> _WHAT THE TASK ASKS_: Find, in the records below, the line that contains "Samt Sofa Cora" and the line that contains "Liebe Dich - Die". Copy those two lines and everything between them exactly, but not the pictures.

> _EXERCISE DATA_:
+++
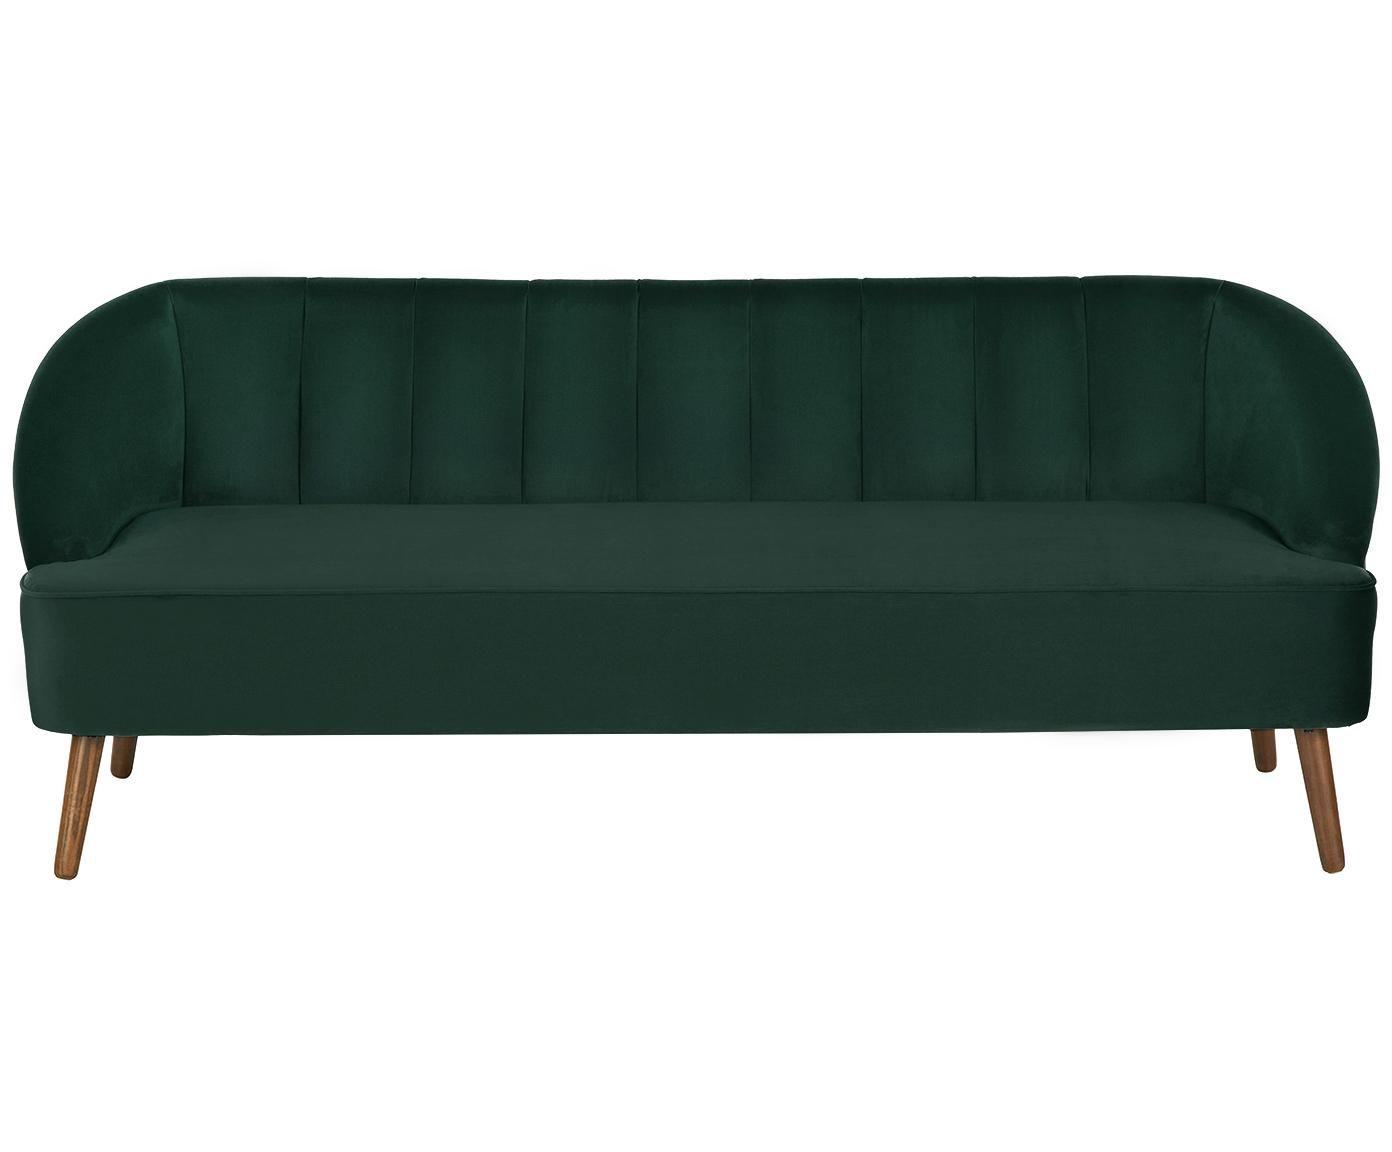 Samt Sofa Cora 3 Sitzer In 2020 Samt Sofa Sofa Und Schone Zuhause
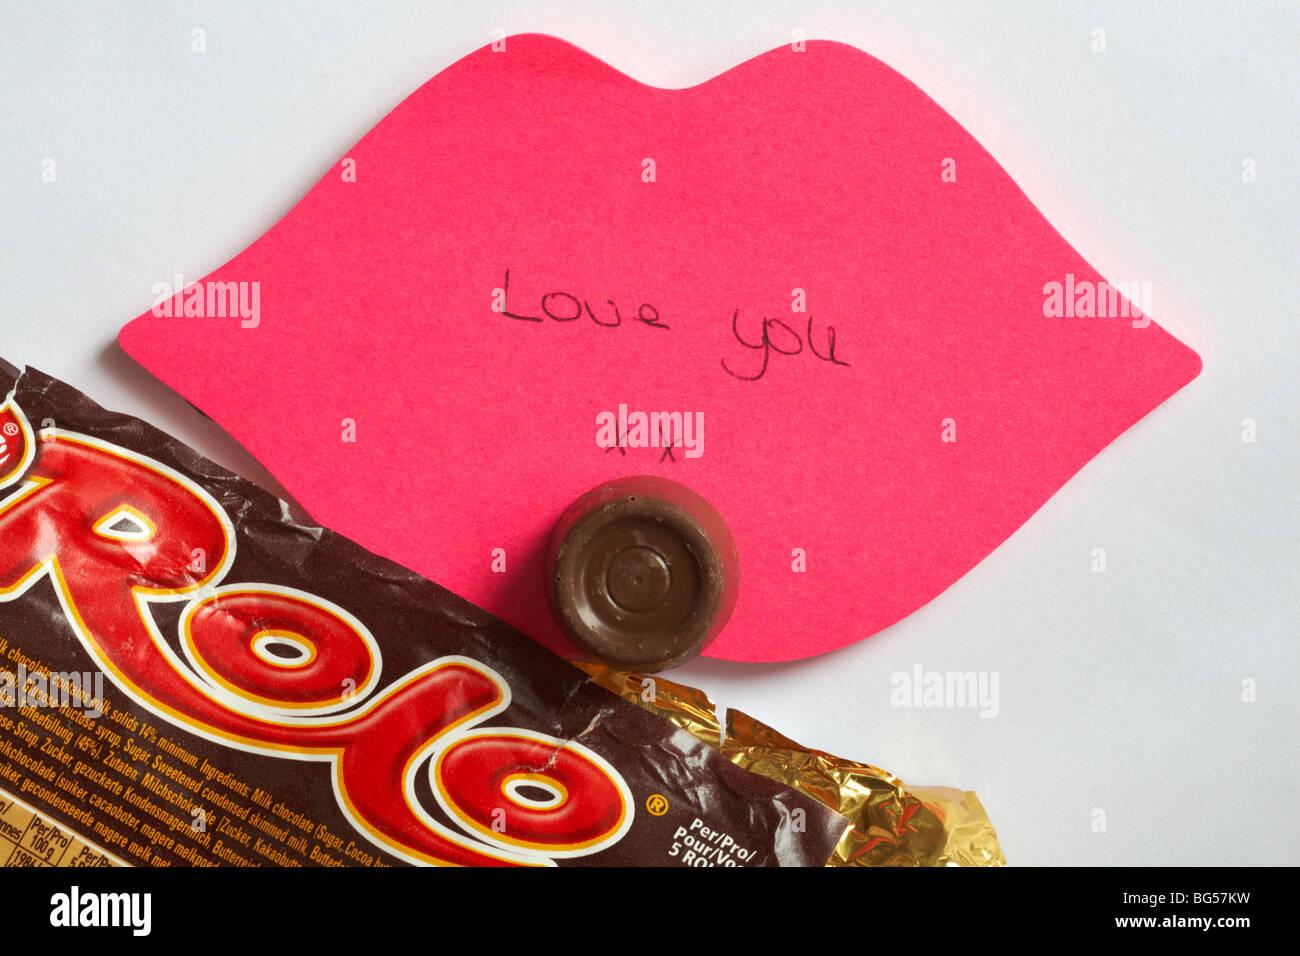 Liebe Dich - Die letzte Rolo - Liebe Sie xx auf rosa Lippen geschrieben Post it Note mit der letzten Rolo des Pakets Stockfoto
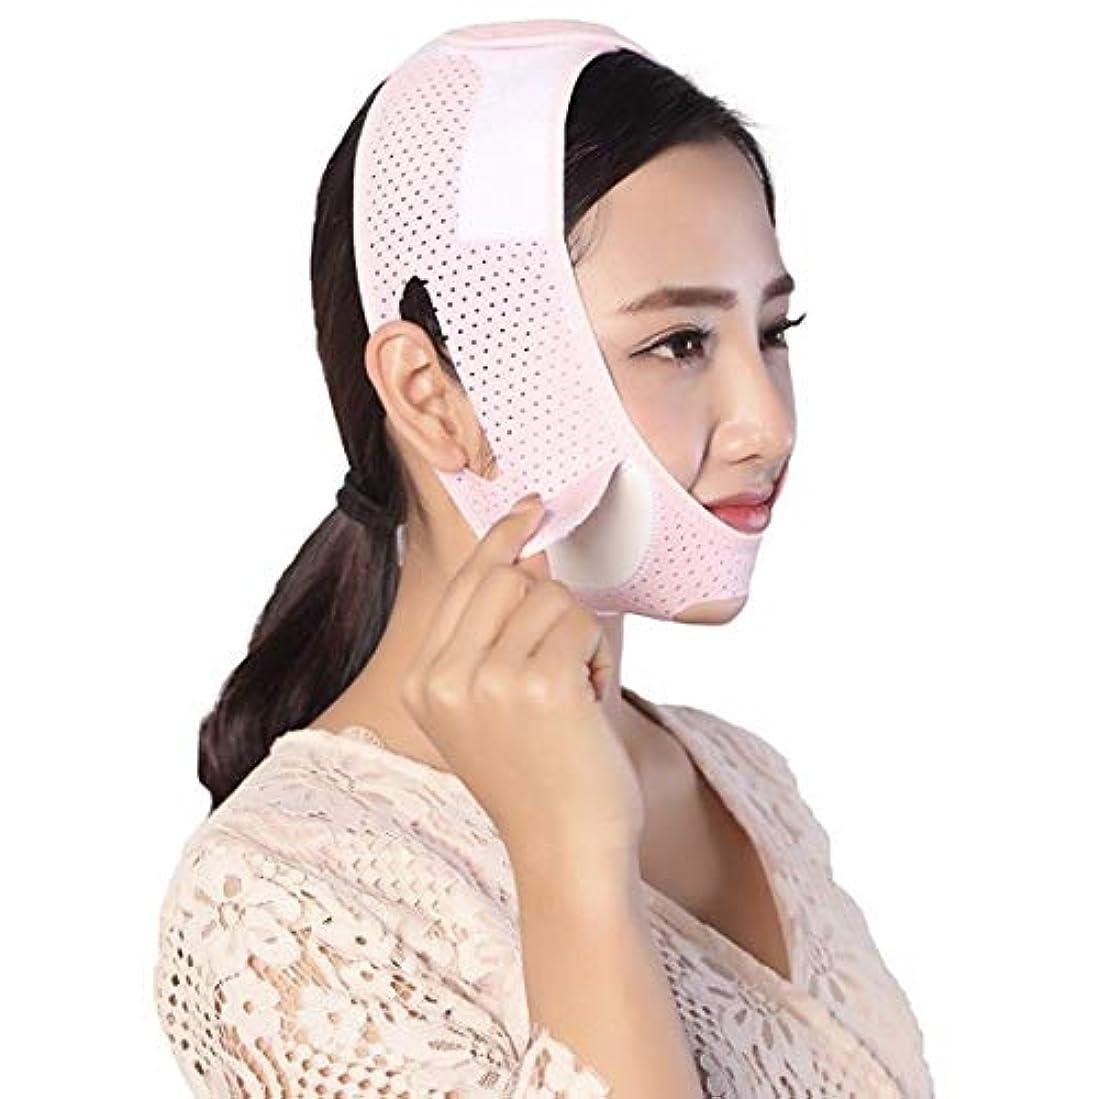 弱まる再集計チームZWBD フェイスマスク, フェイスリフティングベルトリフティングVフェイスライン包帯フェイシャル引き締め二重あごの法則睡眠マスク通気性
+++
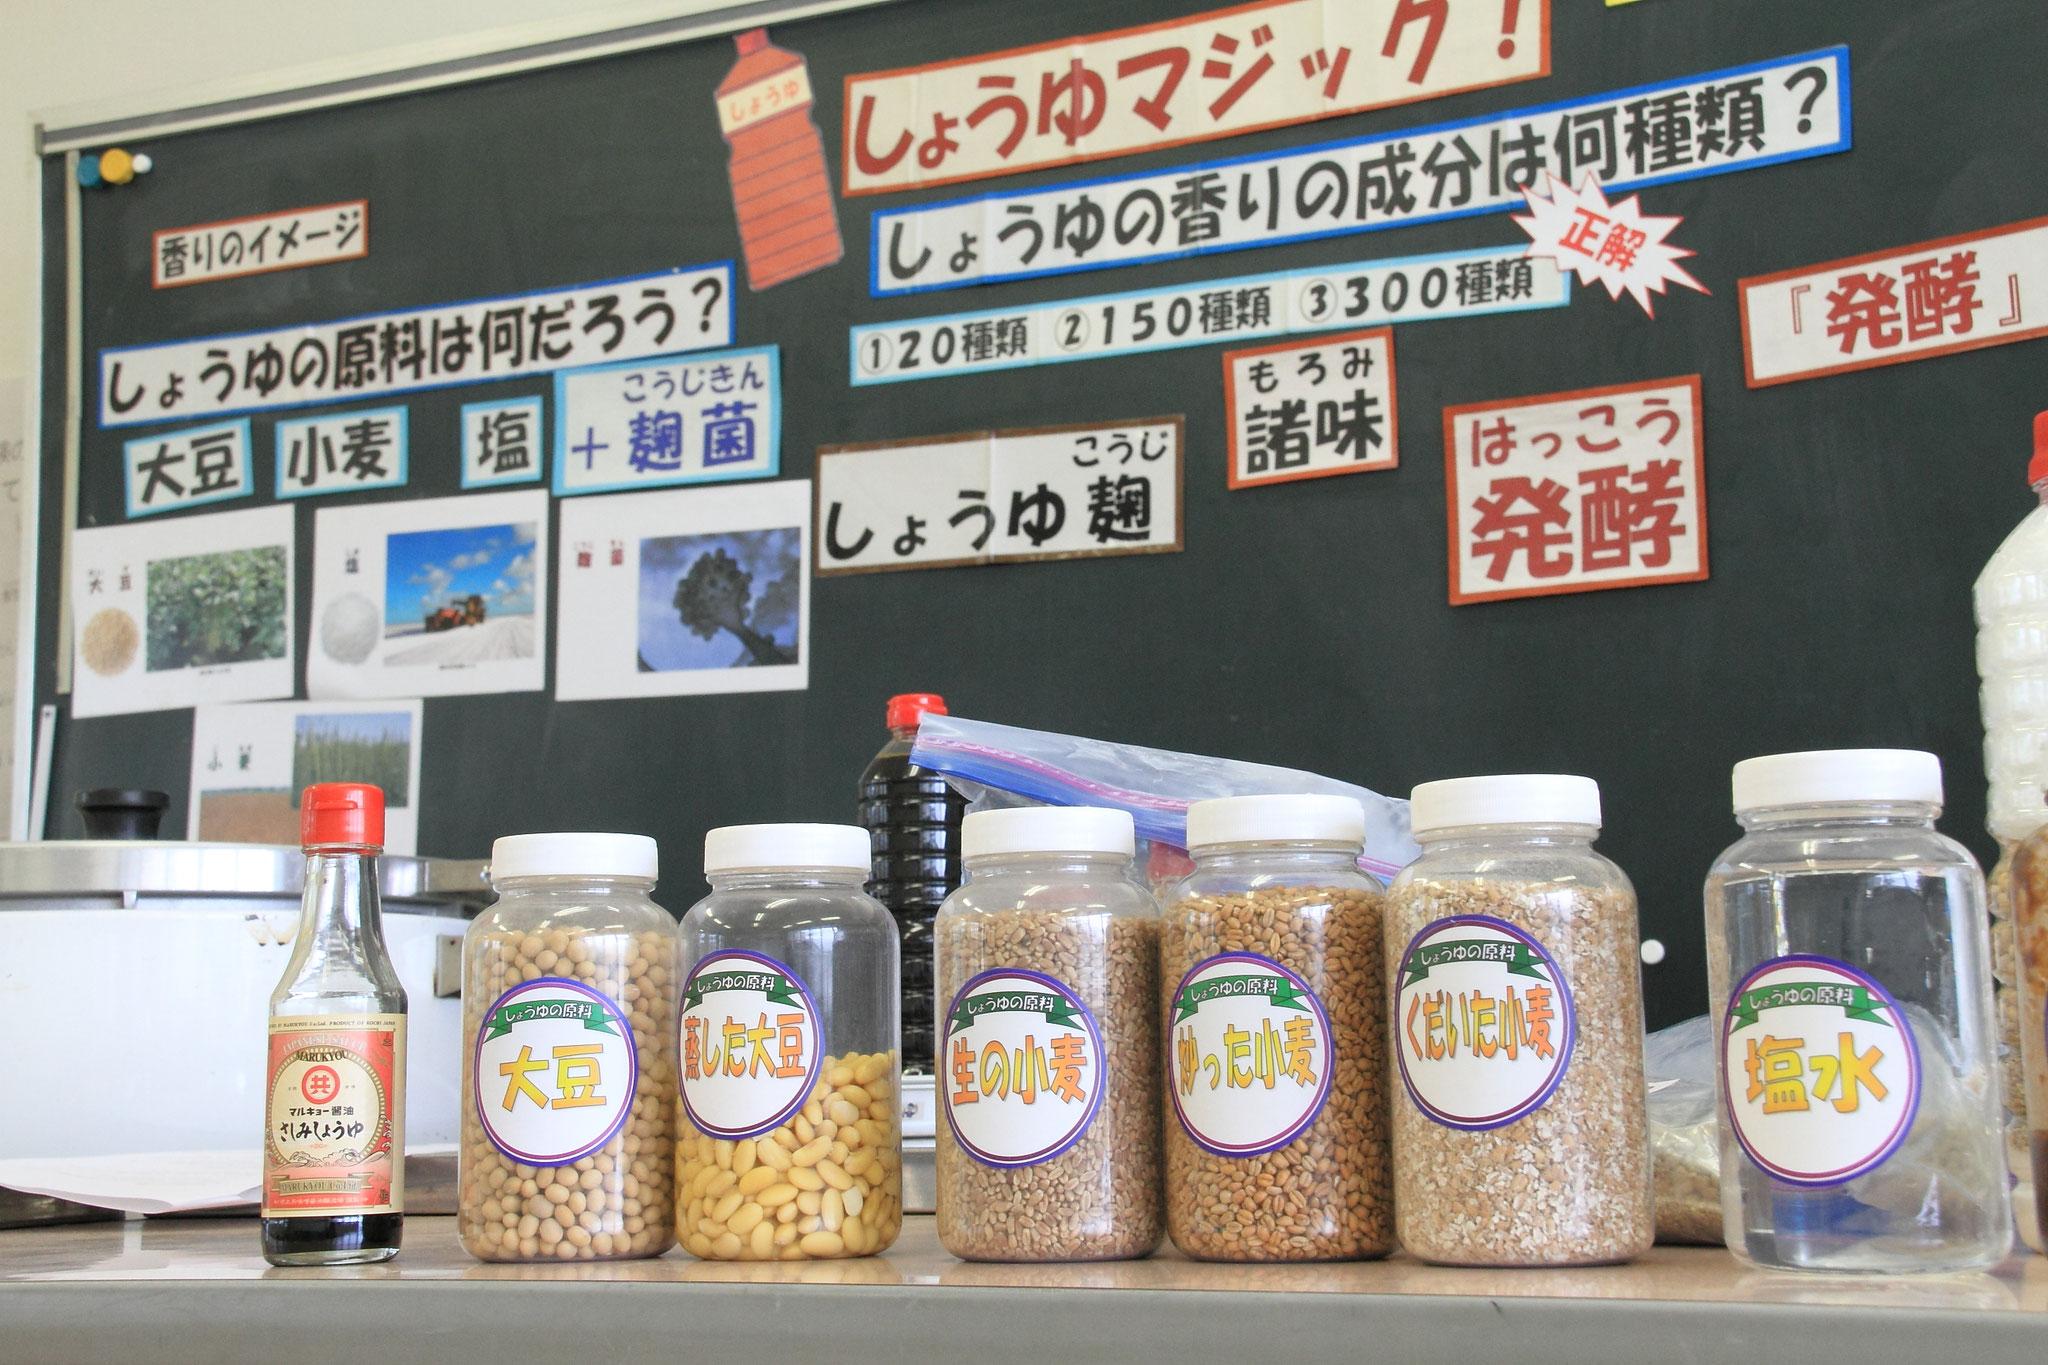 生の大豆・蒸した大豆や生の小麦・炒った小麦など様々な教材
+++
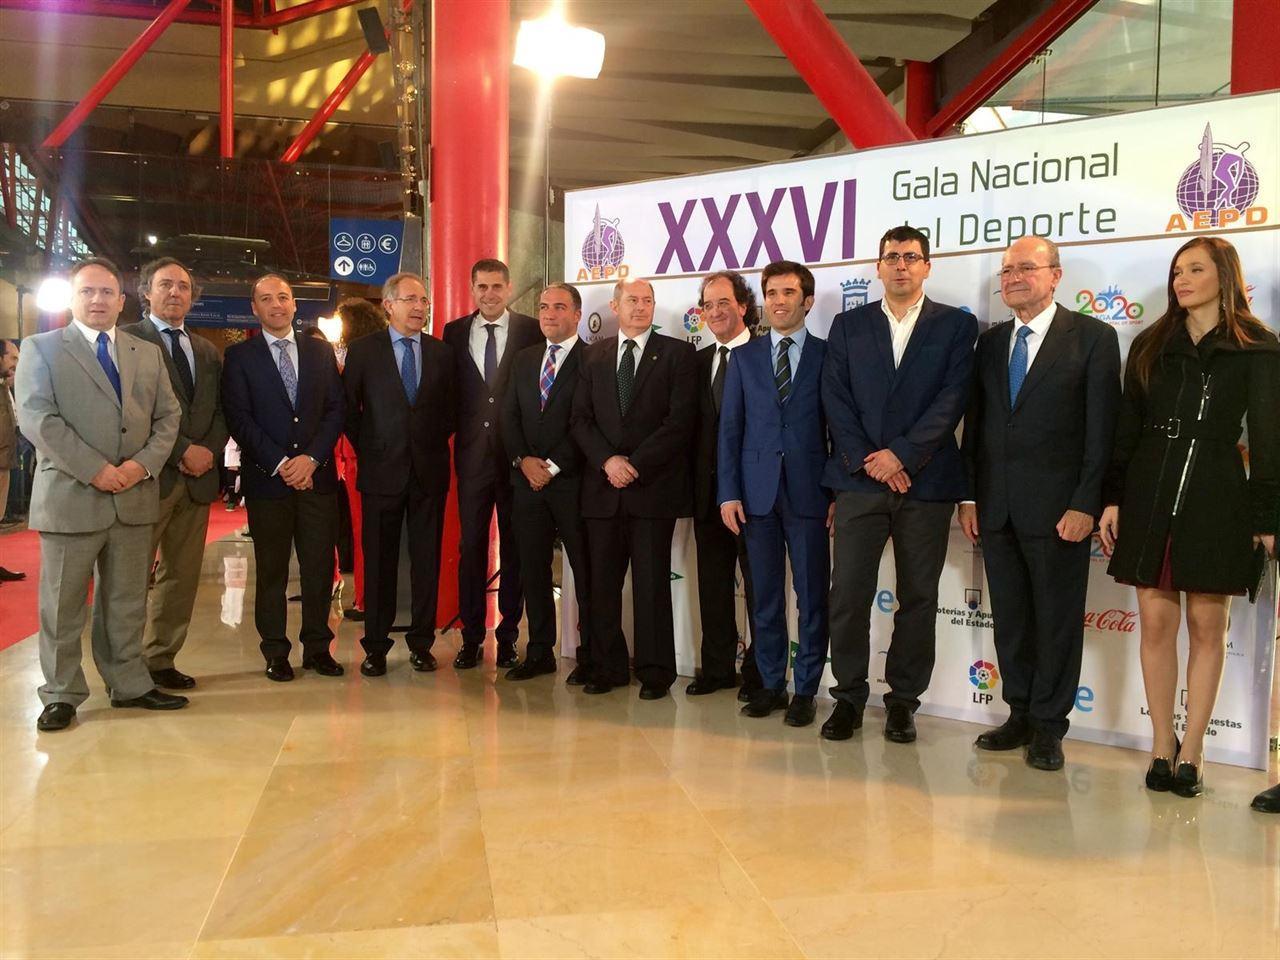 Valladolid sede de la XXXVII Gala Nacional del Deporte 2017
+++
> _EXPECTED ANSWER_:
 Samt Sofa Cora 3 Sitzer In 2020 Samt Sofa Sofa Und Schone Zuhause
 Liebe Dich - Die letzte Rolo - Liebe Sie xx auf rosa Lippen geschrieben Post it Note mit der letzten Rolo des Pakets Stockfoto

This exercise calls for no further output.